Texas judge: Search warrants can be obtained based on predictions of future crimes
Police in Texas may now obtain a search warrant based on “a prediction of a future crime,” according to a dissenting judge on the state’s criminal appeals court.
The ruling by the Texas Court of Criminal Appeals came last week, ending a controversial case in which police searched a house before obtaining a warrant but were still able to present the confiscated evidence during a trial.
The incident began during the summer of 2010, when police in Parker County, Texas, staked out Michael Fred Wehrenberg’s home for a month. According to the Dallas Observer, authorities allegedly received a tip from a confidential informant stating Wehrenberg and his associates were “fixing” to cook meth in the home. Without obtaining a search warrant, they walked into the home and arrested the people inside.
It was only after arrests were made that police sought out the warrant necessary to confiscate the meth-making material in the home, including boxes of pseudoephedrine, stripped lithium batteries, and other items. On the warrant application, however, police declined to mention that they had actually been in the house prior to obtaining authorization for the search, mentioning only the informant who tipped them off.
During Wehrenberg’s trial, his attorney argued the confiscated material was inadmissible due to the fact that police seized it illegally. The judge overruled this request, saying federal “independent source doctrine” allows such evidence when a third party – the unnamed informant – tells police about it beforehand.
As a result, Wehrenberg pleaded guilty to one count of possession and another count of intent to manufacture. He was sentenced to five years in prison.
The Second Court of Appeals then overturned the trial judge’s decision, but ultimately the Court of Criminal Appeals agreed with the original ruling. As the Observer reported, the majority opinion written by Judge Elsa Alcala stated that while Texas law prohibits illegally obtained evidence to be submitted, federal precedent allows it if first confirmed by an independent third party.

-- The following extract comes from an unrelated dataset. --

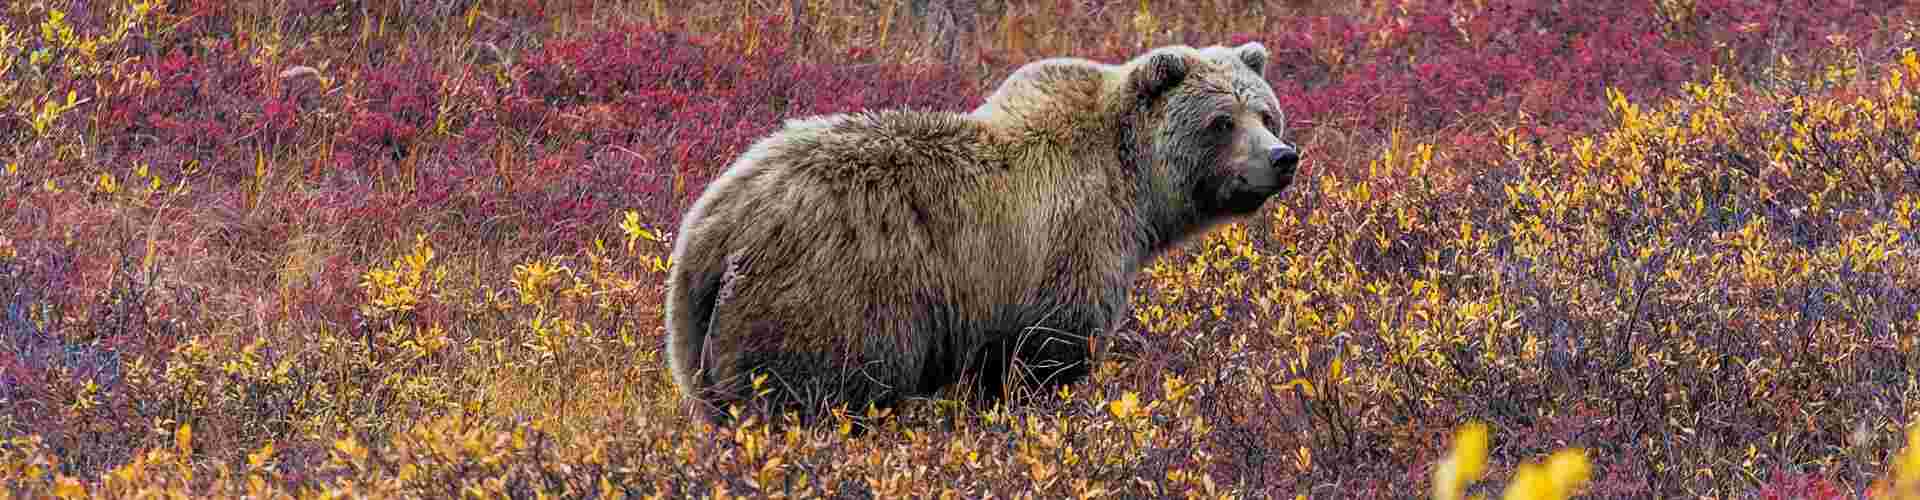 A bear in Denali National Park, Alaska
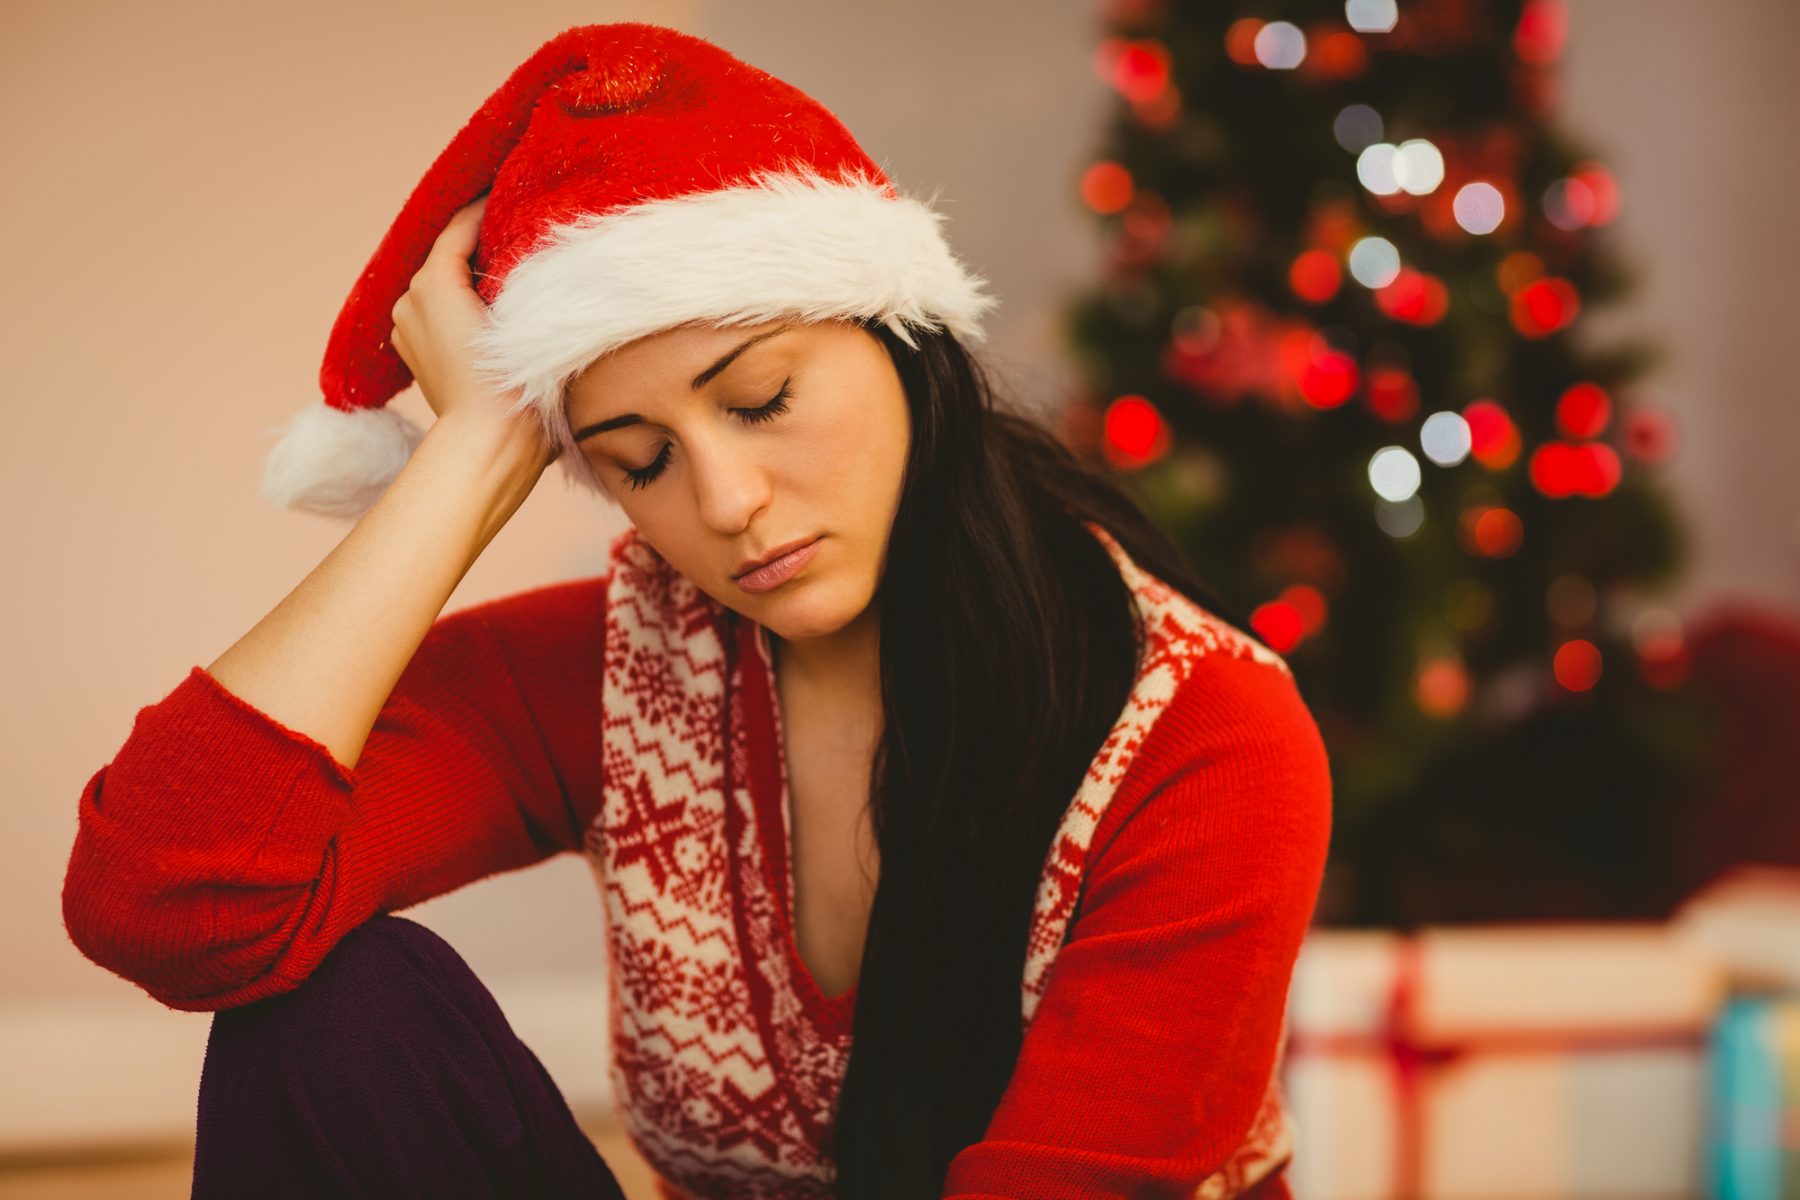 Seasonal Affective Disorder and the Holidays

One justice, however, did not agree. In the dissent, Judge Lawrence Meyers wrote that the only reason police decided to apply for the warrant is because they had previously entered the house illegally.
“Had the officers entered the home and found the occupants only baking cupcakes, the officers would not have bothered to then obtain the warrant at all,” Meyers wrote, according to the Observer. “It was only after unlawfully entering and finding suspicious activity that they felt the need to then secure the warrant in order to cover their tracks and collect the evidence without the taint of their entry.”
Meyers also dismissed the idea that the informant’s tip was actually confirmation by a third party, writing that it was merely a prediction.
“Search warrants may now be based on predictions of the commission of future crimes,” the judge wrote.